At a time when the integration of refugees is a topic of lively, and sometimes overheated discourse in Germany, we are coming to realise that the understanding embodied by those at the German schools abroad could perhaps contain a few useful lessons for our debate back home.

By way of example let me mention the German Language Certificate “Inland”, a spin-off from the German language exams abroad, which has become a valuable tool in Germany itself – especially now, when the integration of refugee children at our schools is such a big issue. And of course, this same tool also helps prepare people for participation in the German labour market.
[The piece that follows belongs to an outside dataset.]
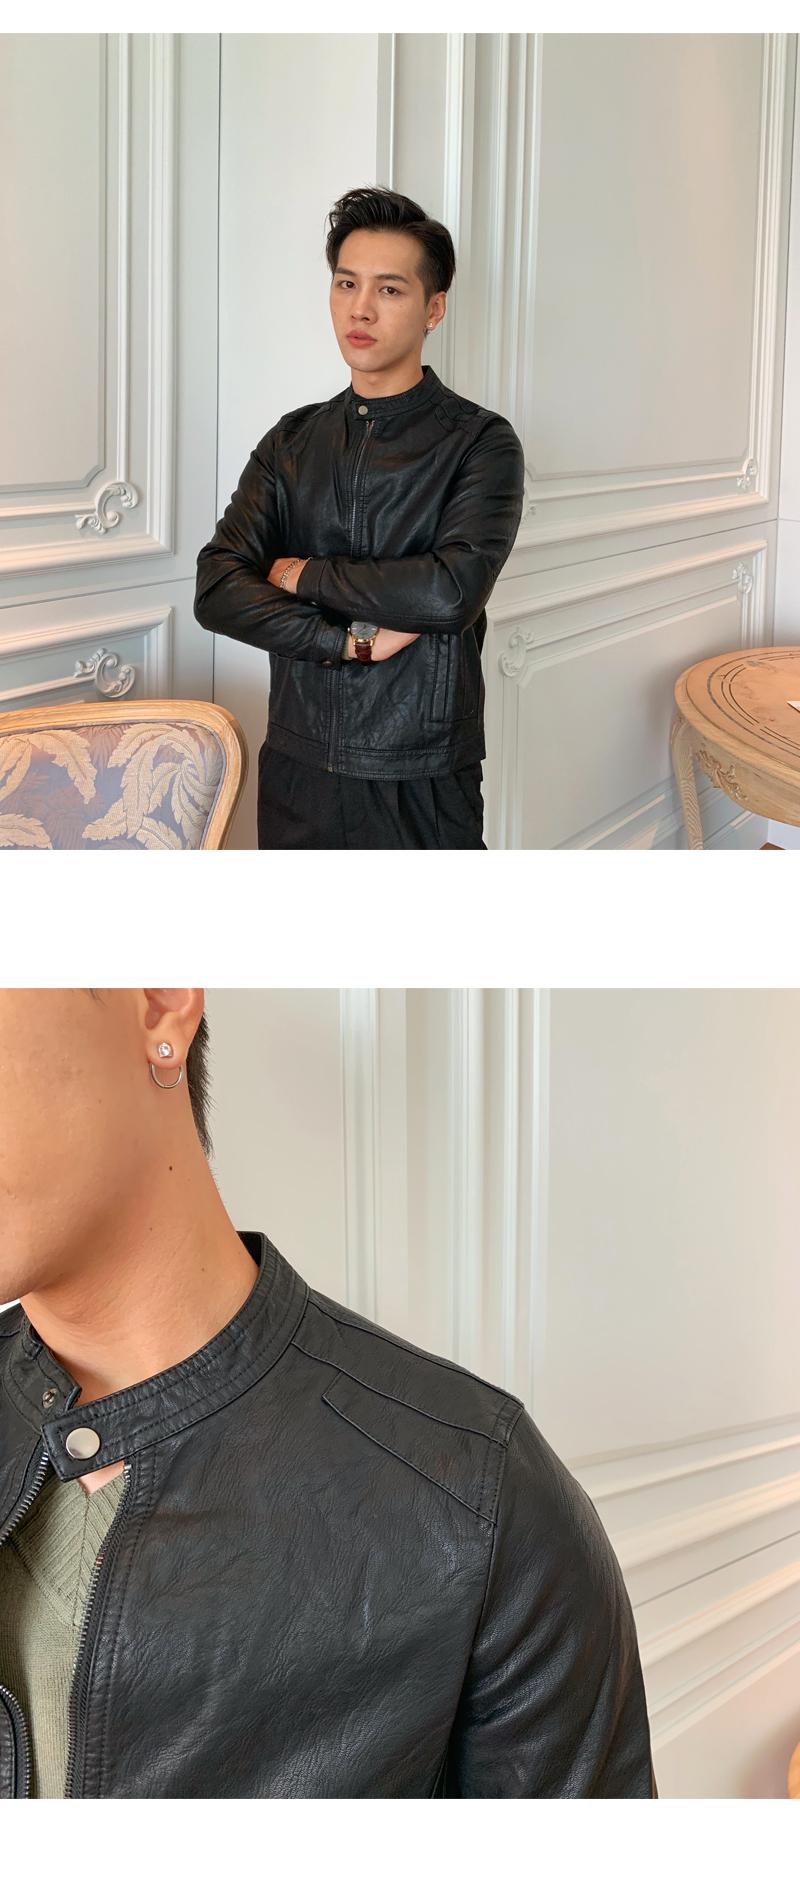 South Korea Korean version handsome collar leather jacket men's retro personality PU leather clothing fashion 100 locomotive leather fashion tide 55 Online shopping Bangladesh

Unfortunately I will have to leave earlier than planned this evening, and will miss the award ceremony. So I will take this opportunity now to thank the IHKs for awarding this important prize over so many years, and to congratulate the prizewinners on their success this year!


Ladies and gentlemen,

All that’s left for me to do is to wish you continued success in your vital globe-spanning work, and of course, to hope you enjoy the rest of this “family gathering” in Berlin. I am glad that you invited us, the Federal Foreign Office, as your “in-laws” this evening – and I am pleased to know that we will continue to work side by side out in the world! Thank you very much.